Weed control: Providing what would be barren fields post-harvest with a cover crop is going to provide weeds with competition and challenge weed germination. In return, this will take a toll on weed seed banks, benefiting the subsequent crop. Certain cover crops also have a strong enough allelopathic effect to inhibit germination of certain weeds. Cereal rye, for example, is an effective tool for weed species like pigweed and crabgrass.
Feeding livestock: Arguably, one of the best ways to improve soil fertility in fields and pastures is to incorporate livestock. While your soil will cash in on the many benefits of having living roots in the soil, this does come with some trade-offs. On one hand, you’re utilizing cover crop biomass as a quality feed source while providing your soil with cover, a diverse root structure and the benefit of manure. On the other hand, some of the nitrogen contributions are being fed to the animal rather than the soil.
Combat water issues: Now is the time of year when producers will be seeing the biggest issues with erosion and soil nutrient loss due to runoff. Providing a winter cover is going to help lock soil into place and sequester valuable nutrients for the following crop.
For some producers in the 2019 planting period, cover crops on a no-till system were the difference between getting fields planted in good time and missing planting deadlines. GO SEED heard numerous reports from producers in saturated areas that were able to plant because of the water infiltration and biomass benefits of their systems, while their next door neighbors on conventional systems weren’t even able to get equipment into the field.
Invest in the best tools
When it comes to cover crops, the quality of your tools will have a significant impact on how achievable your goals are. One thing I can not stress enough is to select varieties of cover crop species based on traits, rather than opting for VNS (variety not stated) seed. Progressive plant breeding will ensure trait performance and seed quality, rather than gambling with the variability of VNS.
Set realistic expectations
It is important to note that cover crops don’t always drastically improve your operation overnight, let alone in one season. Seeing the full benefits takes time as soil health improves and uplifts other areas of your system.
With that being said, start with small trial plots on your farm before implementing any major management changes. There are a lot of great cover crop success stories floating around, but just because something works for someone else, doesn’t necessarily mean it is going to work for you—whether it is someone 100 miles away or just next door. Be flexible and adapt practices to best suit your unique environmental challenges and business model.
Expand your network
Finally, nothing is more beneficial to the success of your cover crop integration than learning from researchers and fellow producers.
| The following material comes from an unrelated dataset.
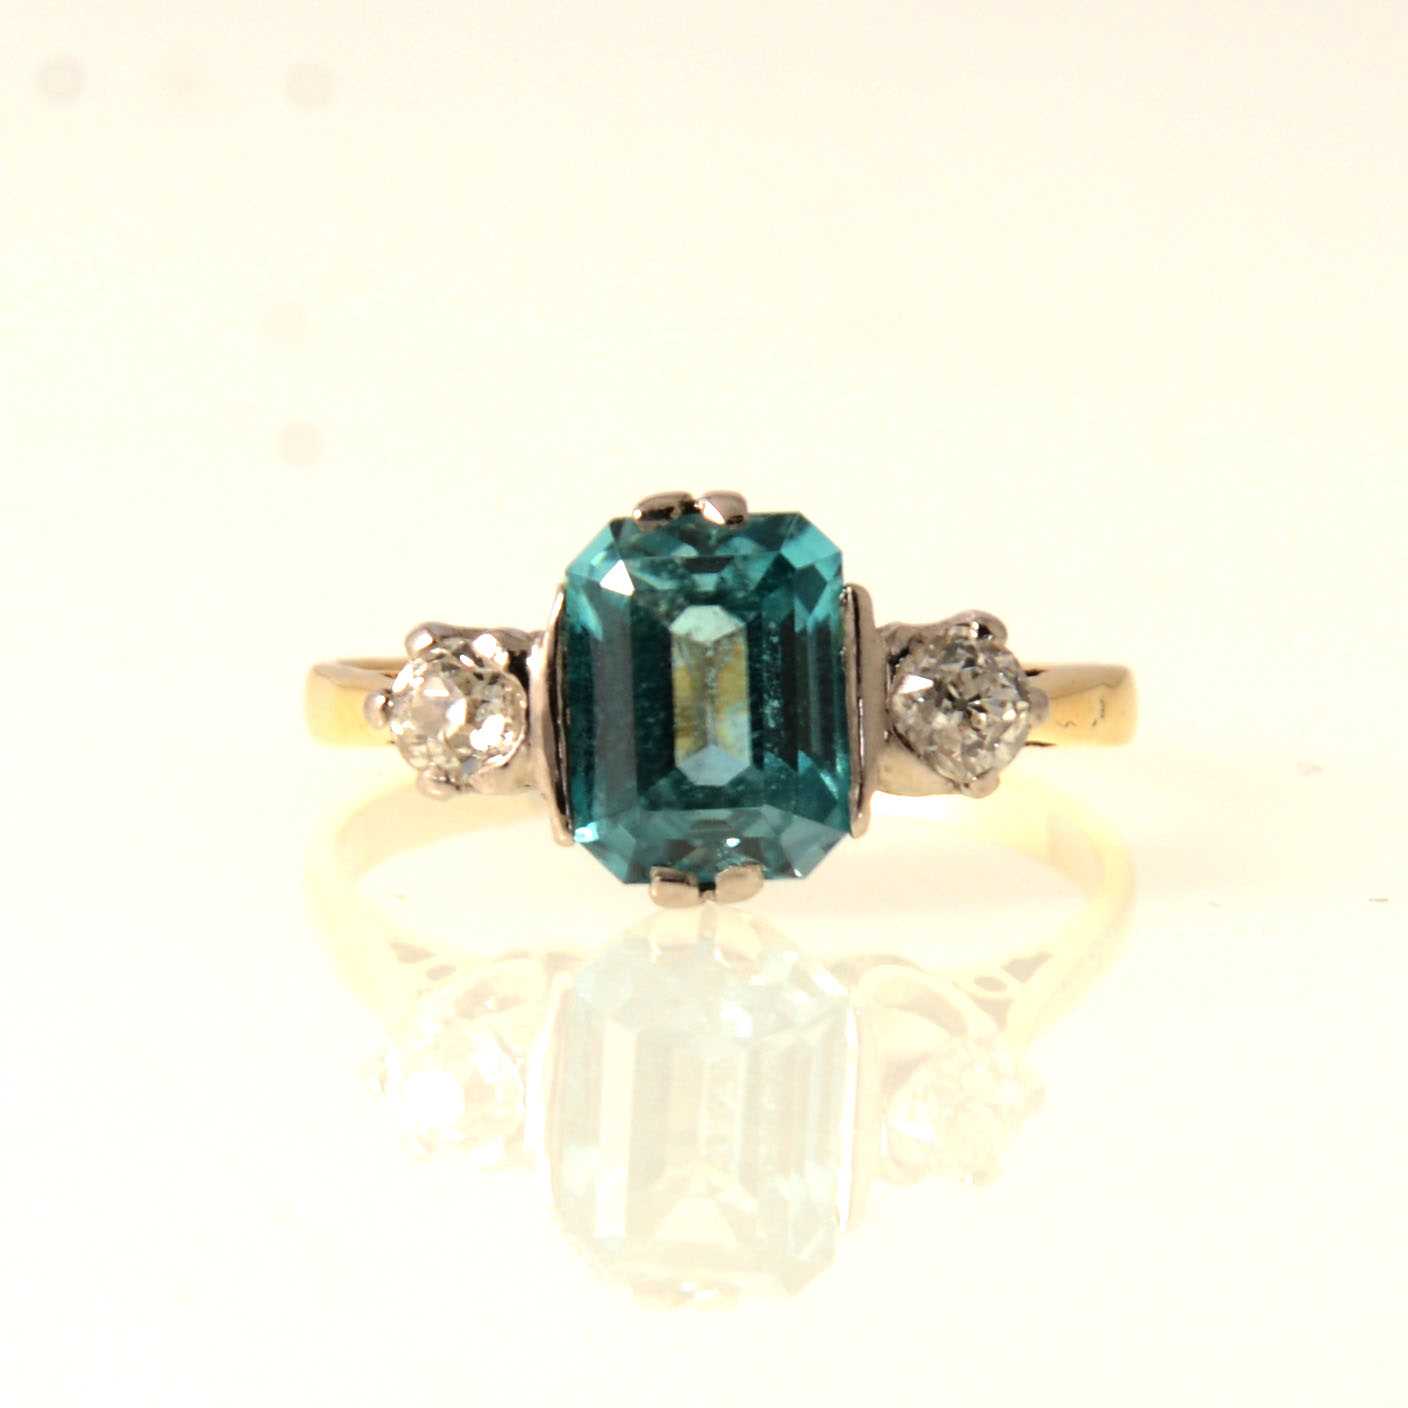 Lot 75 - A three stone ring with diamonds and aqua coloured stone.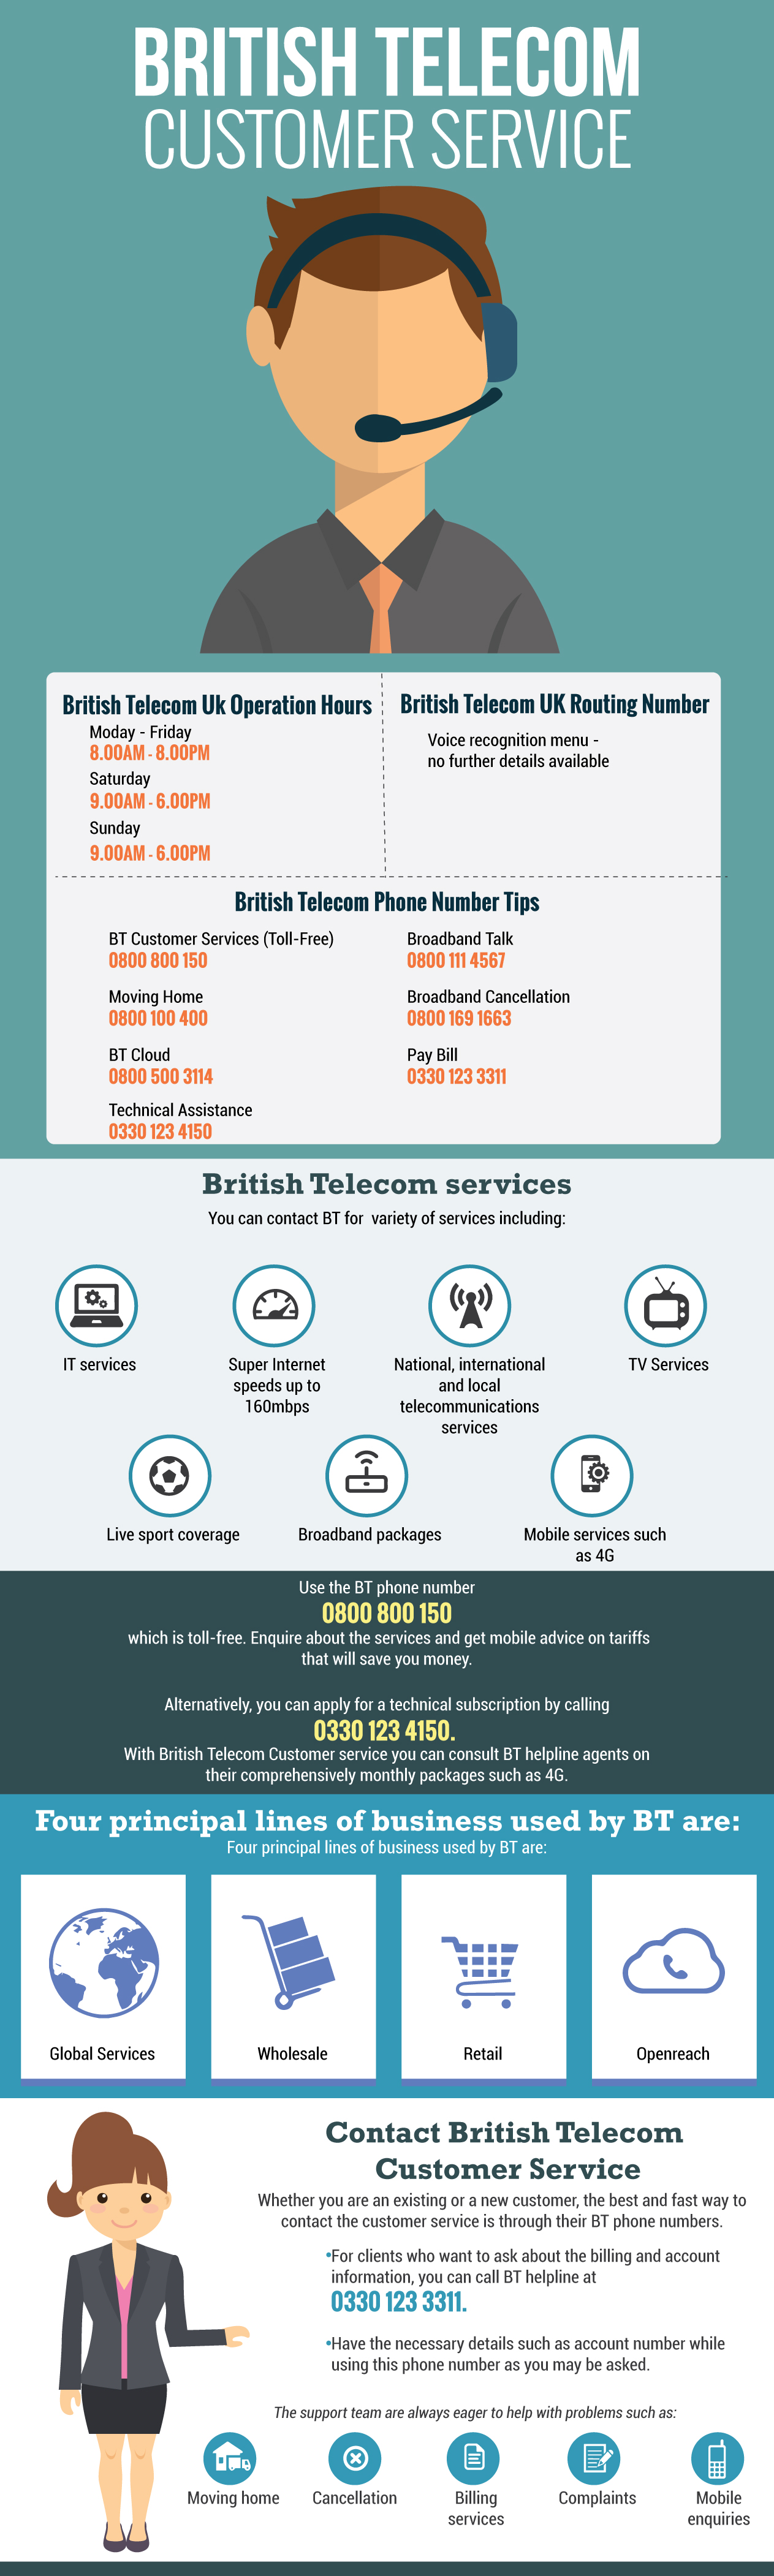 British Telecom Contact Number

Particularly at this time of the year, there are many meetings centered around cover cropping from local meetings to national conferences. If you can’t make the national conferences, there will be plenty of follow-up coverage from them in the media that you can learn from.
There are also countless resources online, like the Midwest Cover Crop Council’s website, available to all sectors of agricultural producers wanting to integrate cover crops into their operations.